GOGyP - Research and preclinical development of antitumor compounds

Presentation

The aim of our LPS is to offer services in functional characterization and preclinical validation of compounds, nanovehicles, nanodrugs and biomaterials with a potential therapeutic use in cancer.

In vitro studies include: cytotoxicity assays of the compounds in cancer cells and/or cancer stem cells, and evaluation of the effect of these compounds in cancer cell migration and invasion abilities.

Preclinical in vivo studies include: toxicology assays, pharmacokinetic and distribution assays and evaluation of the therapeutic efficacy of the compounds. Our LPS uses noninvasive imaging technology (bioluminescence and/or fluorescence) using xenograft models for solid tumors. Our models are highly metastatic so we can measure the effect both in primary tumor and metastatic foci.
 

Services

The available services are:

S1. In vitro studies for the functional characterization of antitumor compounds:

S1.1. Cytotoxicity assays (XTT) Effect on cellular viability.

S1.2. Tumorsphere assays. Cytotoxicity evaluation of the compound in cancer stem cells.

S1.3. Migration assays (“wound healing” & Transwells) Effect of the compound in the cancer cell migration ability.

S1.4. Invasion assays (Transwells) Effect of the compound in the cancer cell invasion ability.

S2. In vivo studies for the evaluation of toxicology, pharmacokinetics and therapeutic efficacy of antitumor compounds:

S2.1 Generation of metastatic xenografts for physiopathology and therapeutic studies.

Our LPS has a wide expertise in the development of animal models for experimental oncology. Generated xenografts include metastatic models of different solid tumors, mainly gastrointestinal and gynecologic cancers. They are used for the evaluation experimental therapies, against both primary tumor and metastasis. Our LPS could generate new cancer models previous protocol acceptance and approval by the animal experimental committee and Generalitat de Catalunya.
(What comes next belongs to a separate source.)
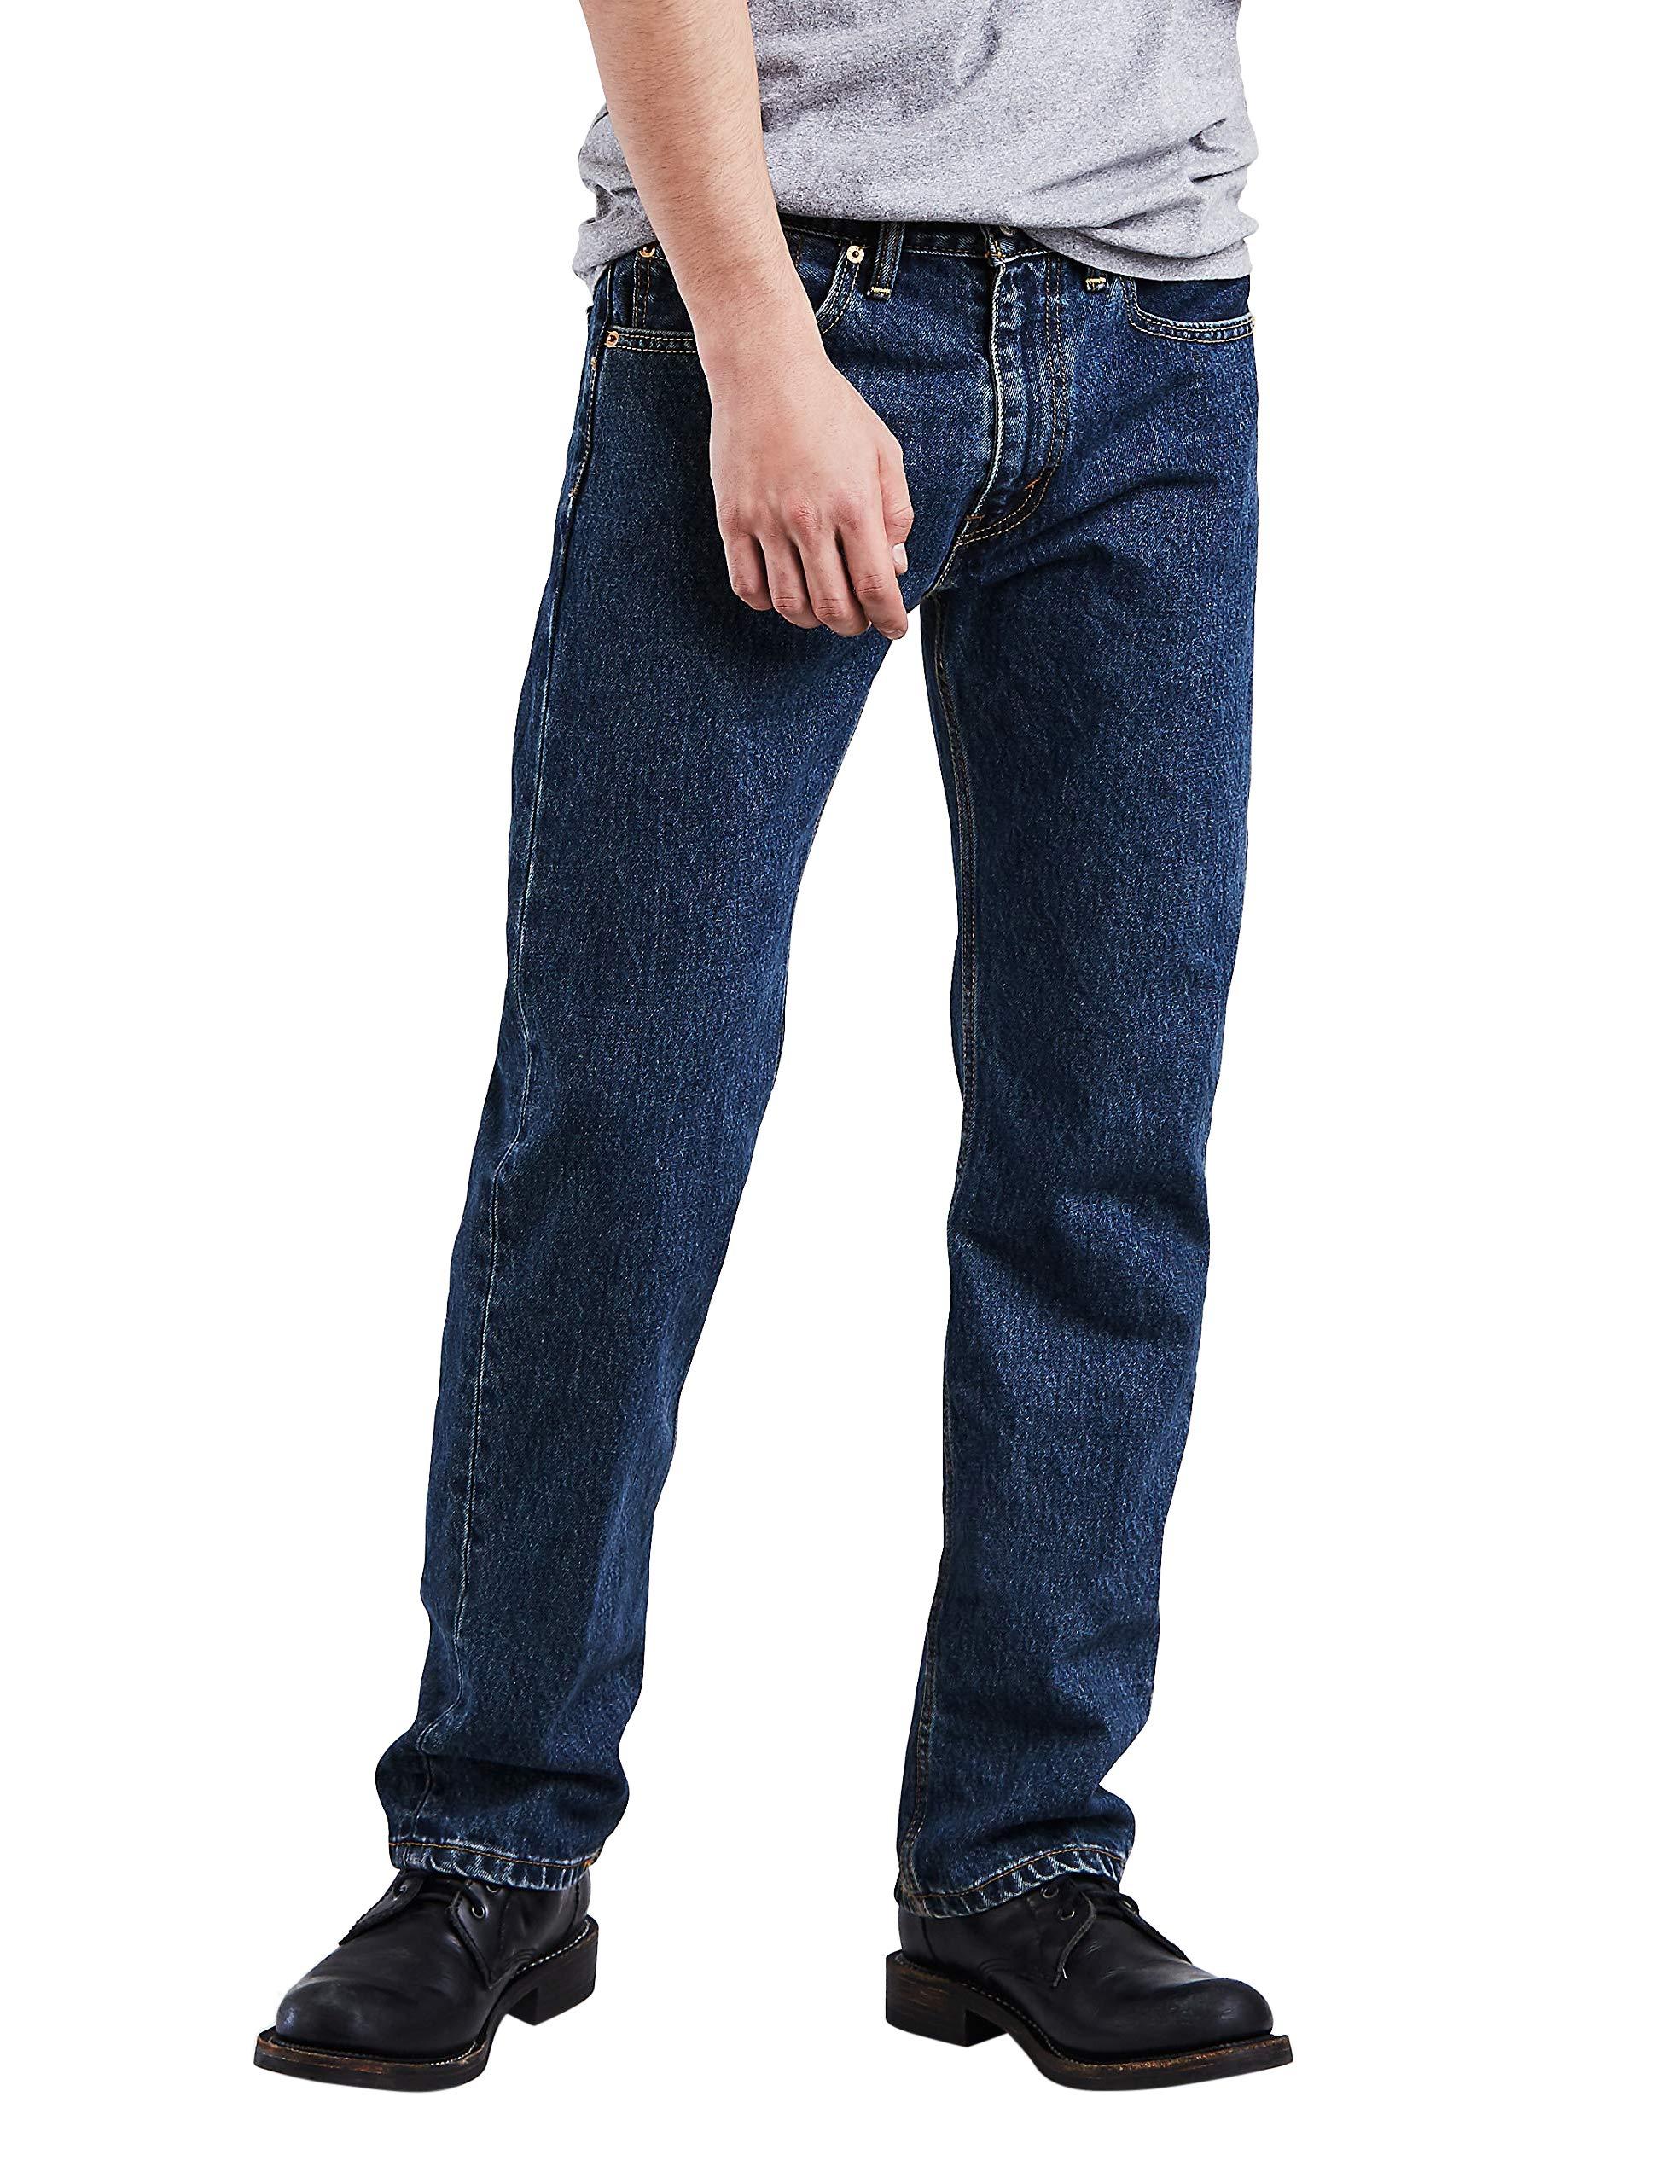 Levi's Men's 505 Regular Fit Jean, Dark Stonewash 38x32

S2.2 Toxicity assays. Determination of the MTD (maximum tolerated dose) and MTMD (maximum tolerated multiple doses) of the antitumor compounds.

S2.3 Evaluation of the antitumor activity of the compound in a subcutaneous xenograft model.

The service includes the implantation of “nodrize” mice of the chosen tumor line for subcutaneous tumor generation, whose tumors will be used to further implant the experimental mice. It also includes the chosen administration of the compound and the monitoring of the mice weigh and tumor volume twice a week. The evaluation of the bioluminescent signal will be optional.

S2.4 Evaluation of the antitumor and antimetastatic activity of the compound on a metastatic orthotopic xenograft.

The service includes the direct inoculation of the chosen tumor line into the origin organ or the implantation of tumor tissue to generate the experimental orthotopic mice. It also includes the randomization of the mice and the administration of the compound at the dose and the administration schedule planned, and the monitoring of the mice body weight and tumor bioluminescent signal twice a week using IVIS spectrum.

S2.5 Pharmacokinetic and biodistribution assays of the compound marked with fluorescence in a subcutaneous model.

The service includes the implantation of nodrize mice of the chosen tumor line for the generation of subcutaneous tumors and the further implantation of the experimental animals. It is also included the randomization and administration of the compound using 2 different doses and ex vivo recording of the fluorescence at 30 min, 1, 3,7,24 and 48h using IVIS spectrum.

S2.6 Pharmacokinetic and biodistribution assays of the compound marked with fluorescence in an orthotopic model.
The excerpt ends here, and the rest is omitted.